* **Task goal**: The expected output is every line of the data exactly as shown, minus the images.

* **Provided material**:
Segment Open
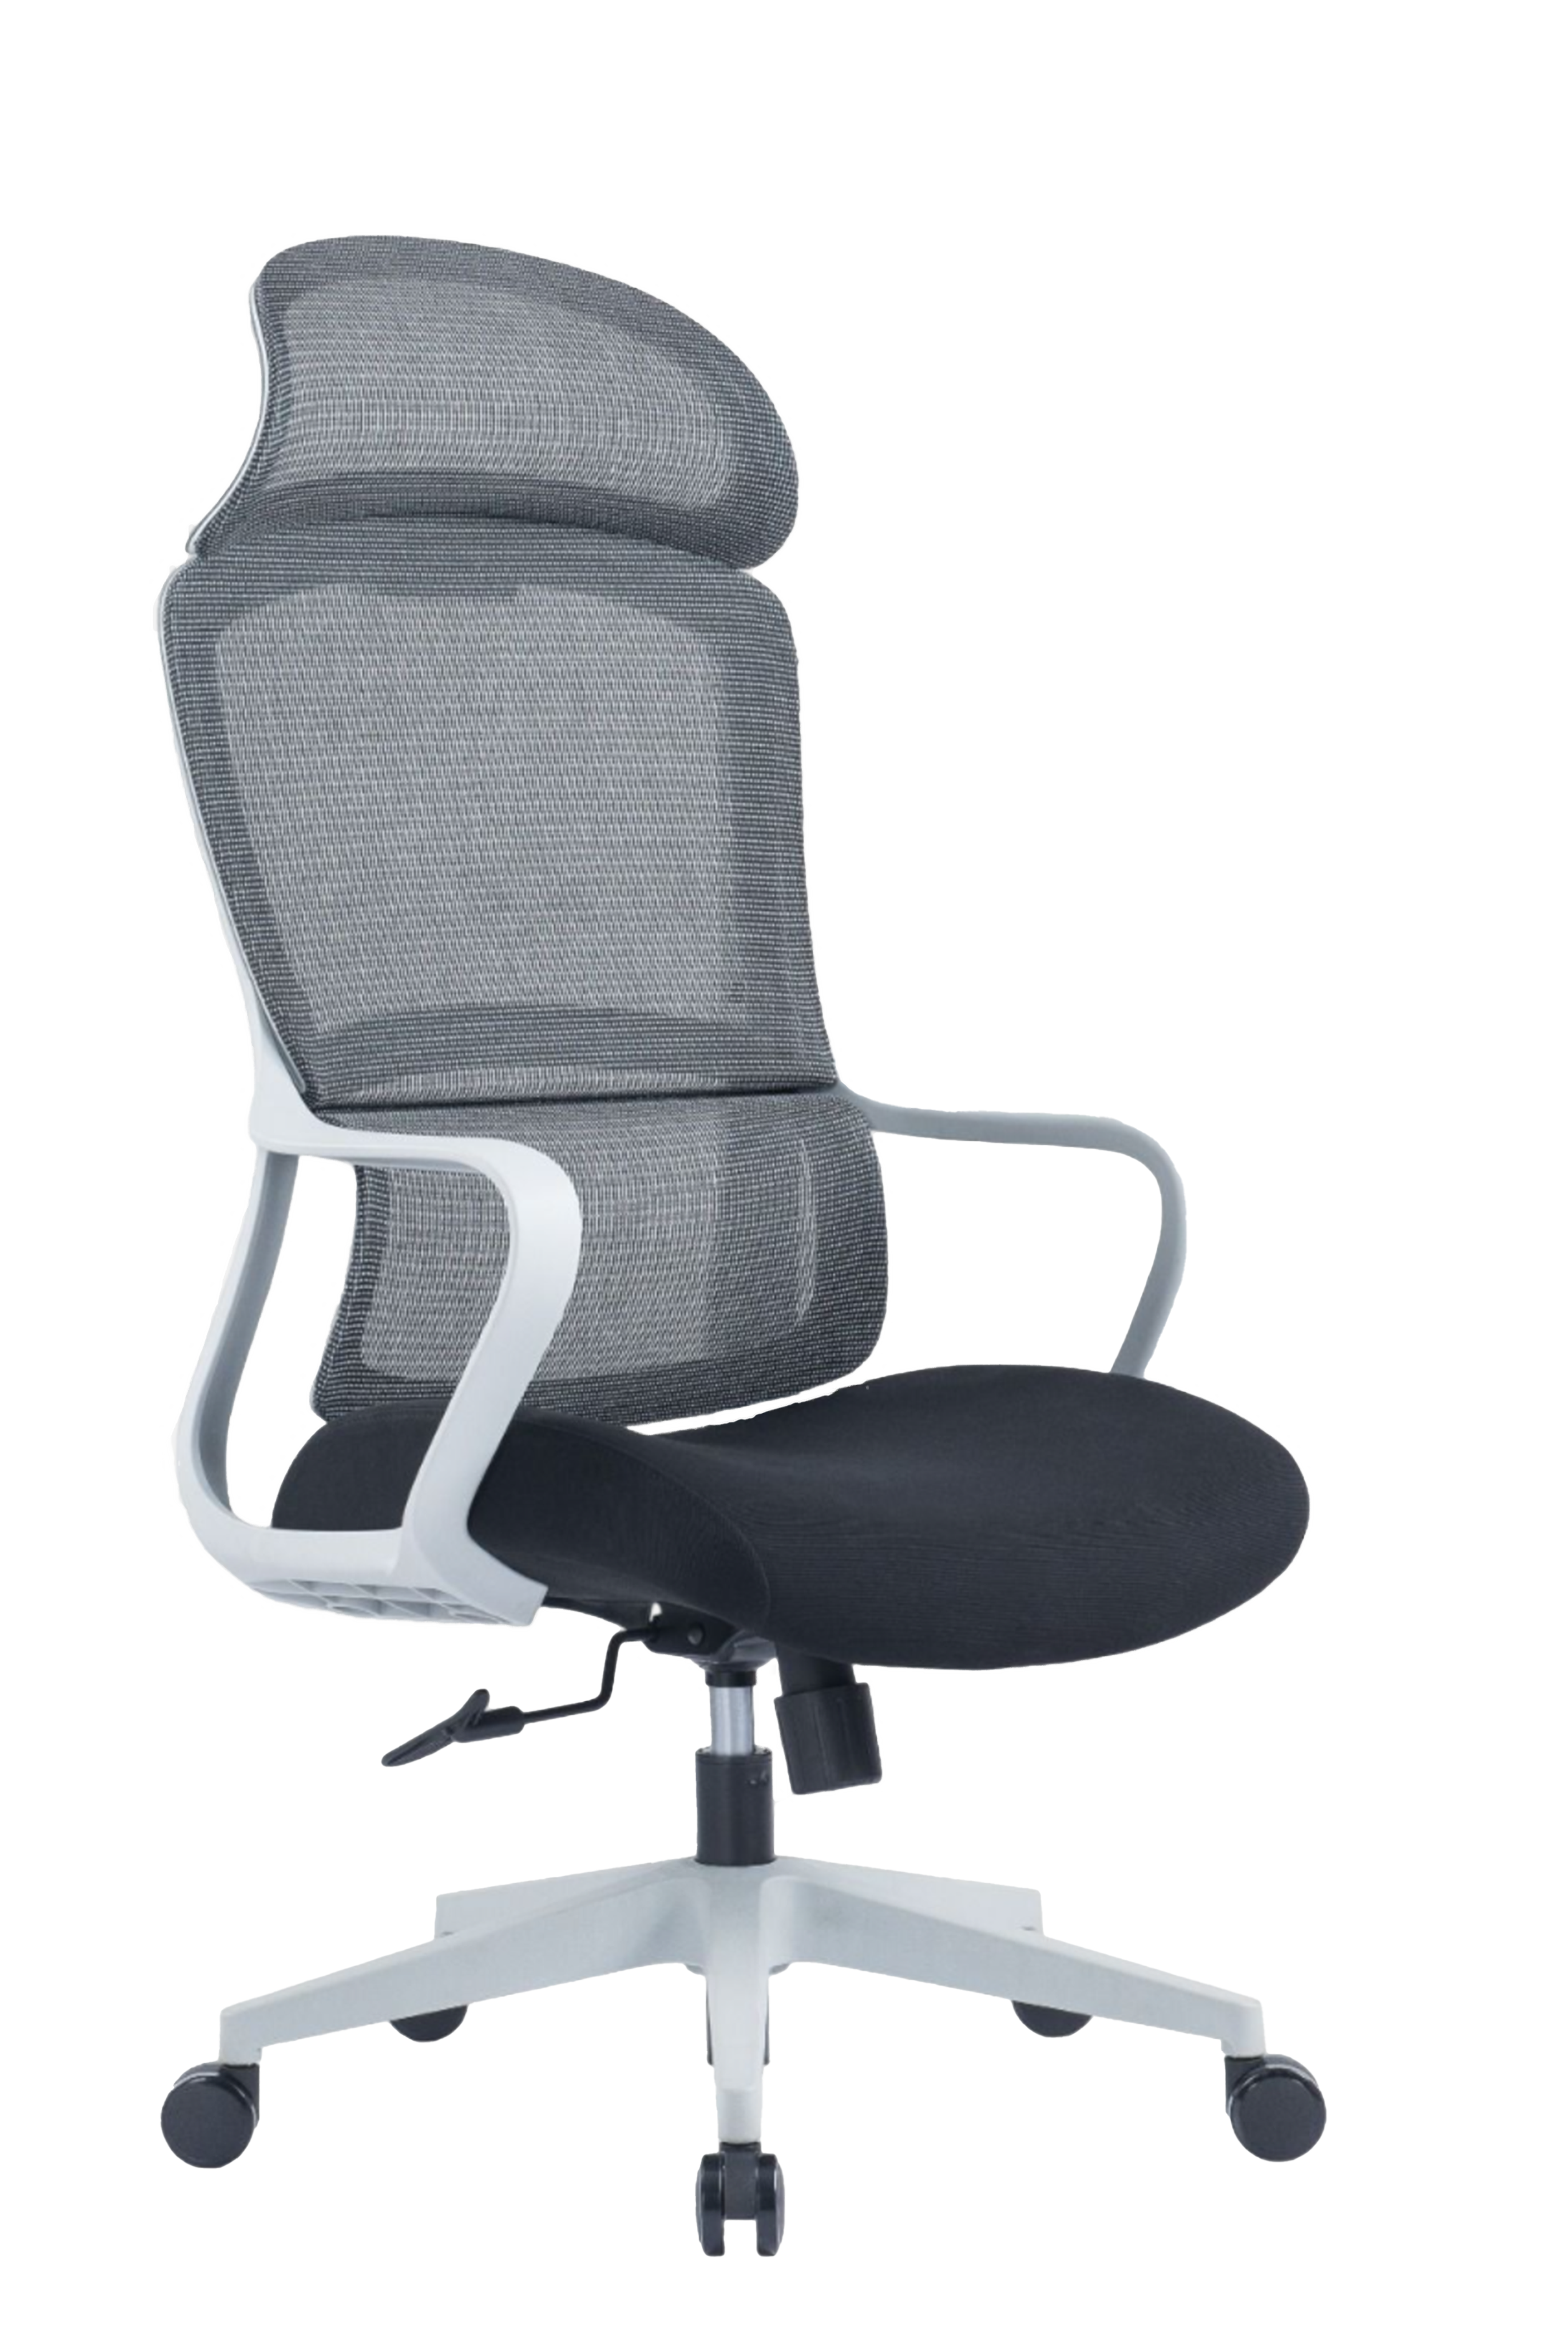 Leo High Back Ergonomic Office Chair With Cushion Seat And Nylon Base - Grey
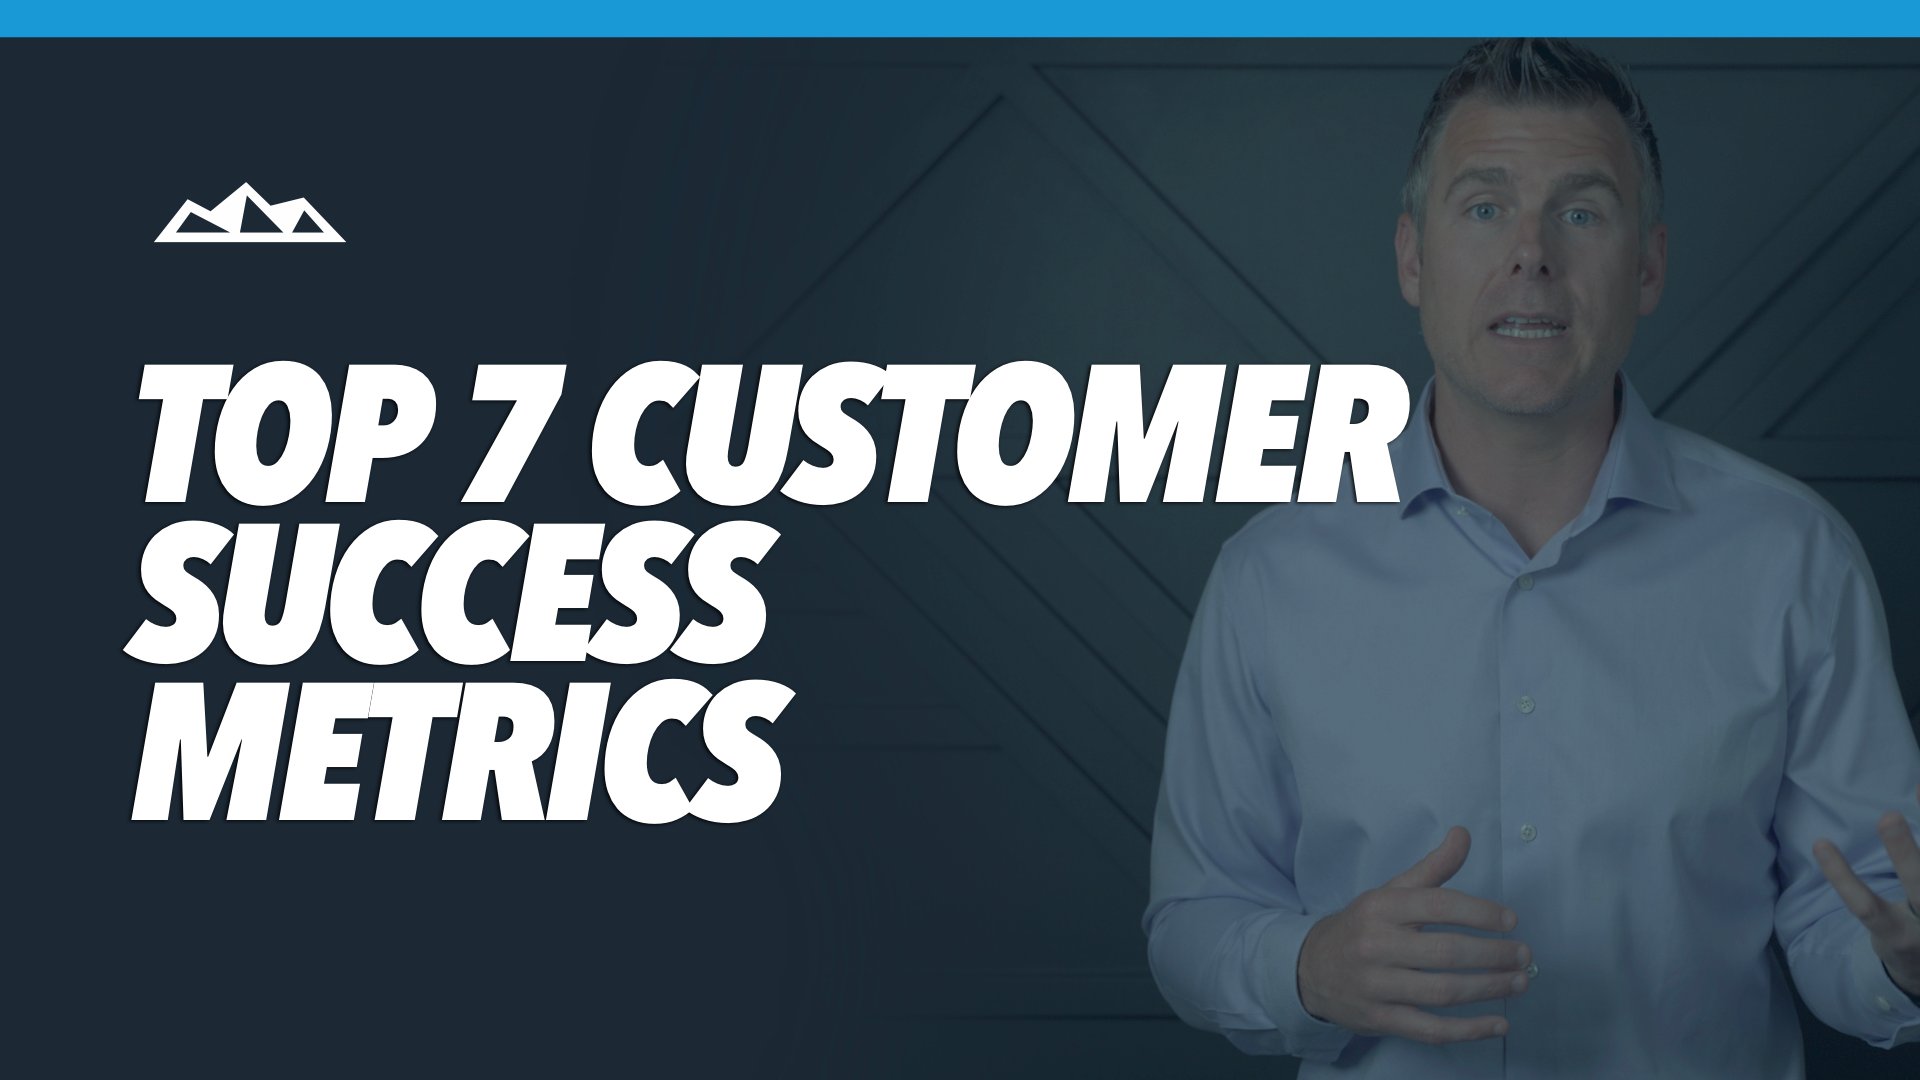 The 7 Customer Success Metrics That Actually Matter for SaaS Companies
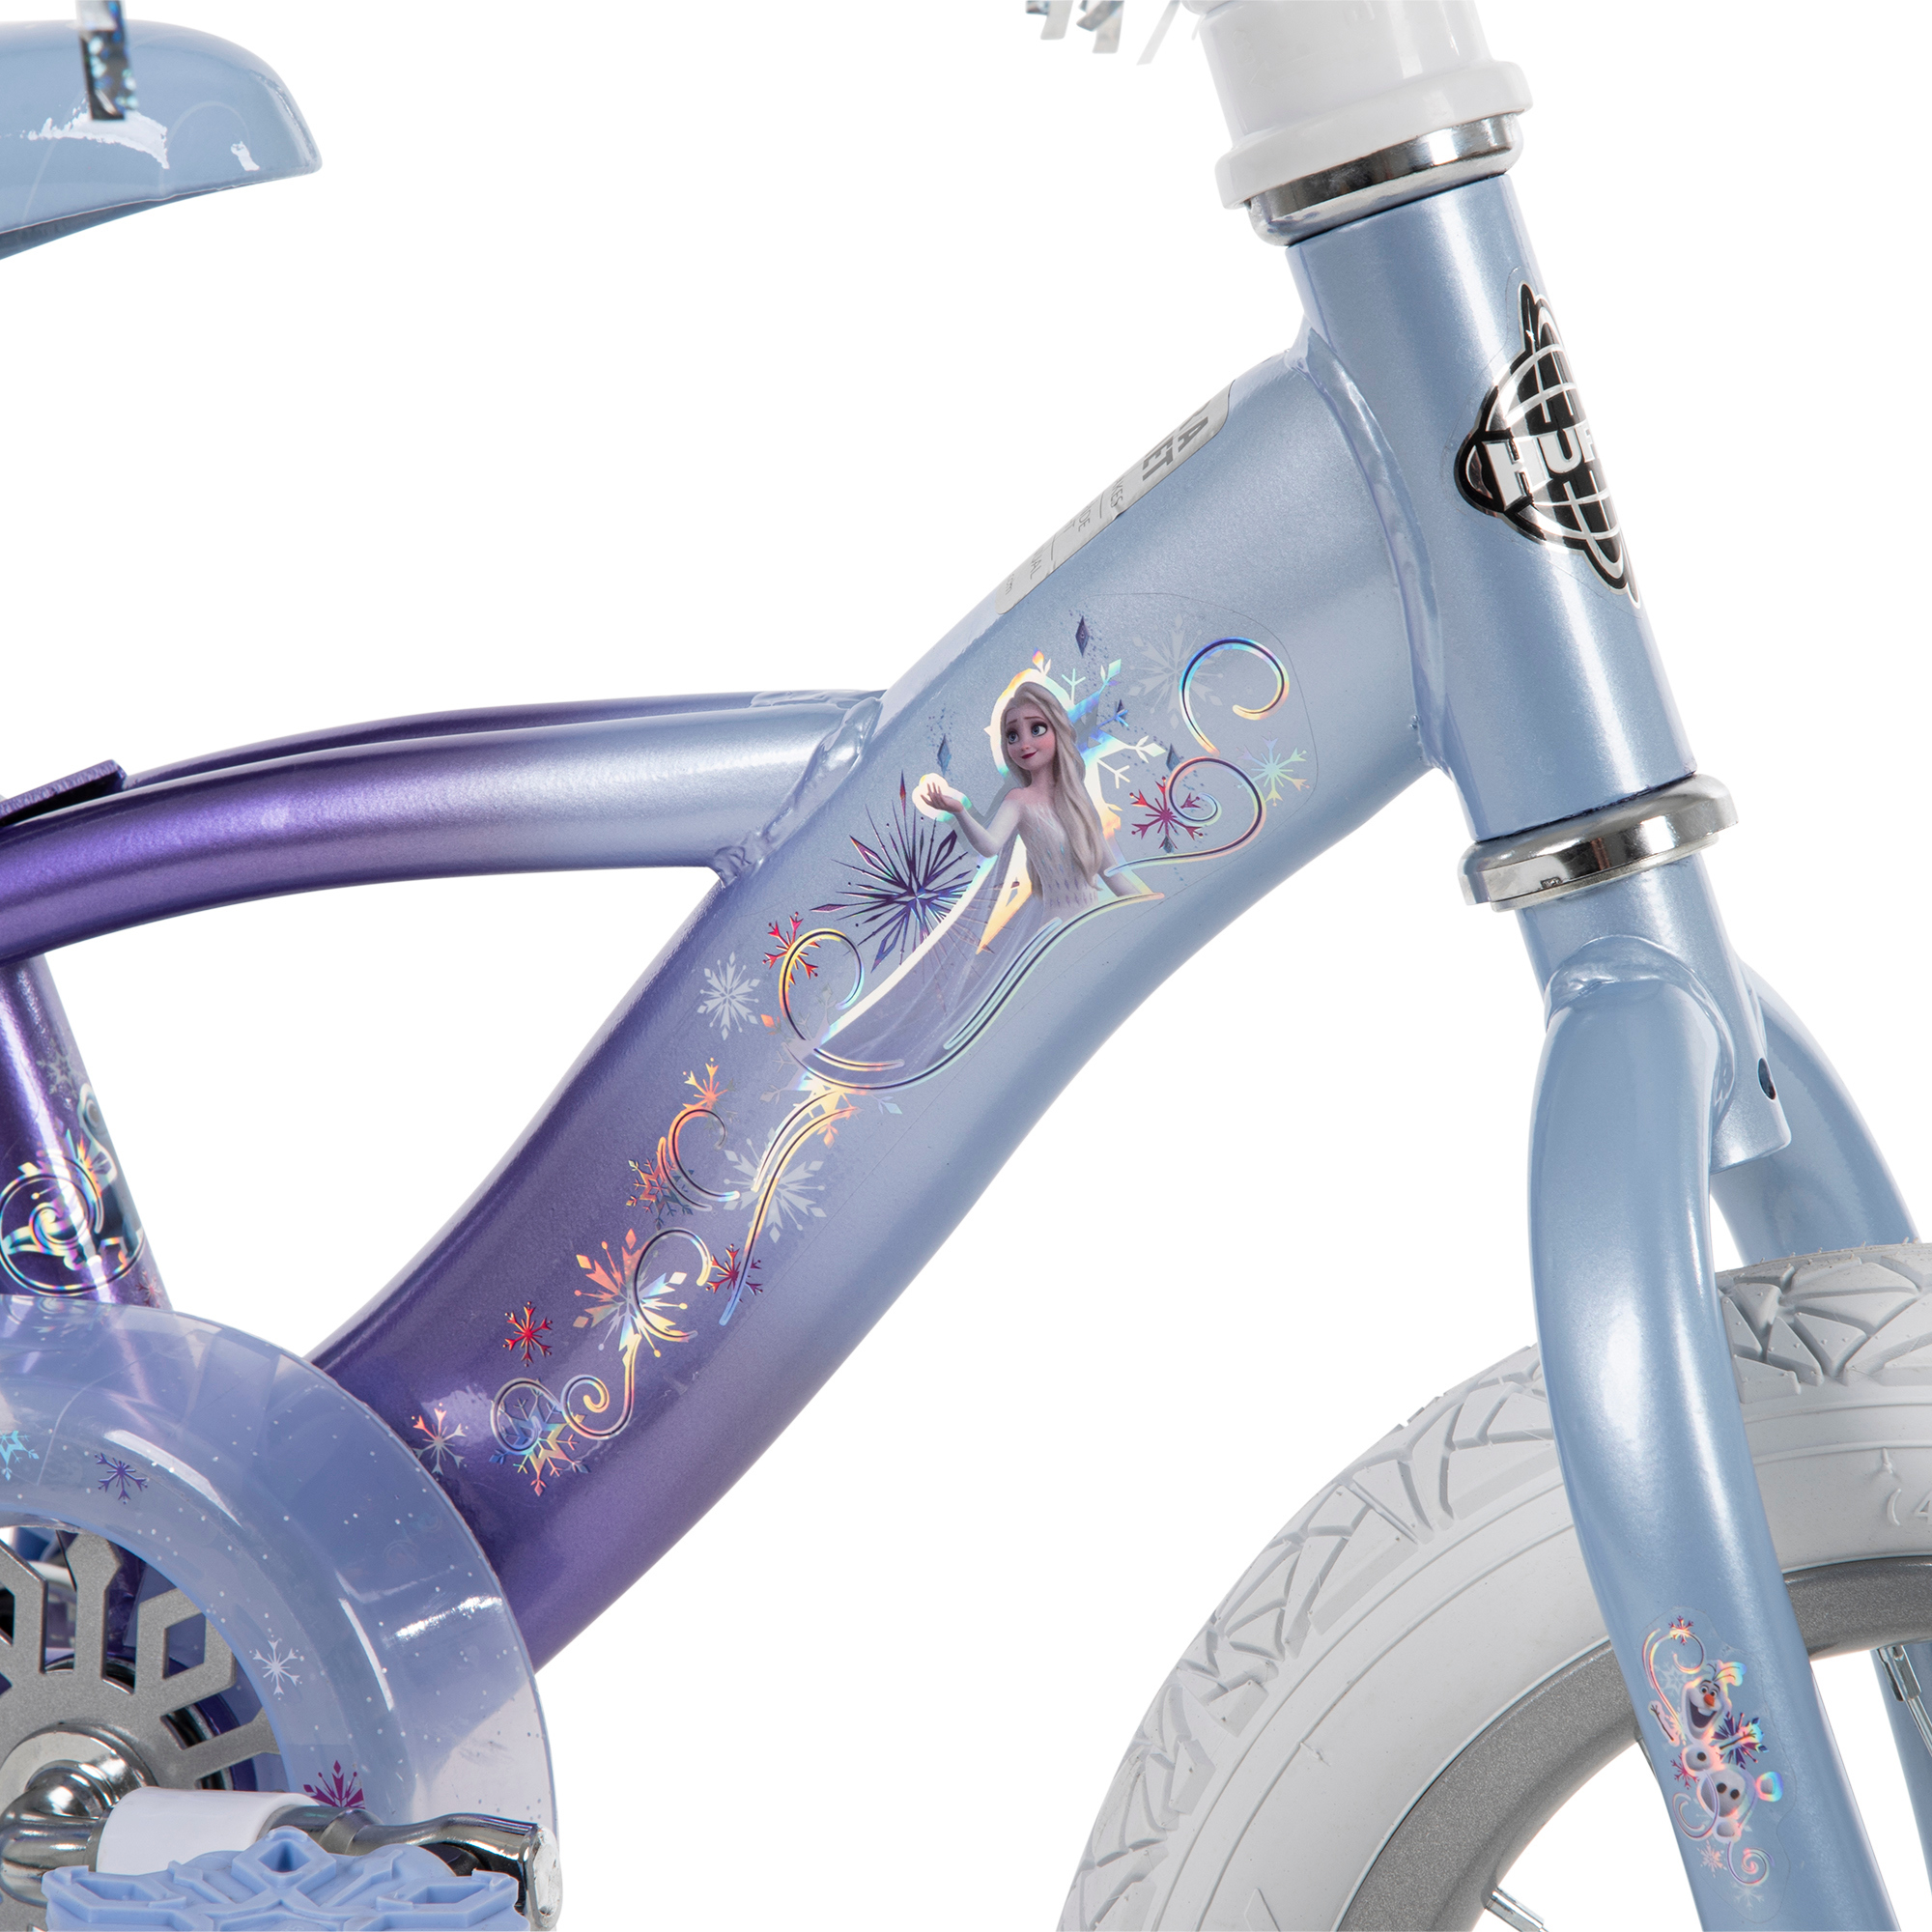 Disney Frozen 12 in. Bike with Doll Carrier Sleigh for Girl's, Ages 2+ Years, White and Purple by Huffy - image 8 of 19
Segment Closed
* **Task result**:
 Leo High Back Ergonomic Office Chair With Cushion Seat And Nylon Base - Grey
 The 7 Customer Success Metrics That Actually Matter for SaaS Companies
 Disney Frozen 12 in. Bike with Doll Carrier Sleigh for Girl's, Ages 2+ Years, White and Purple by Huffy - image 8 of 19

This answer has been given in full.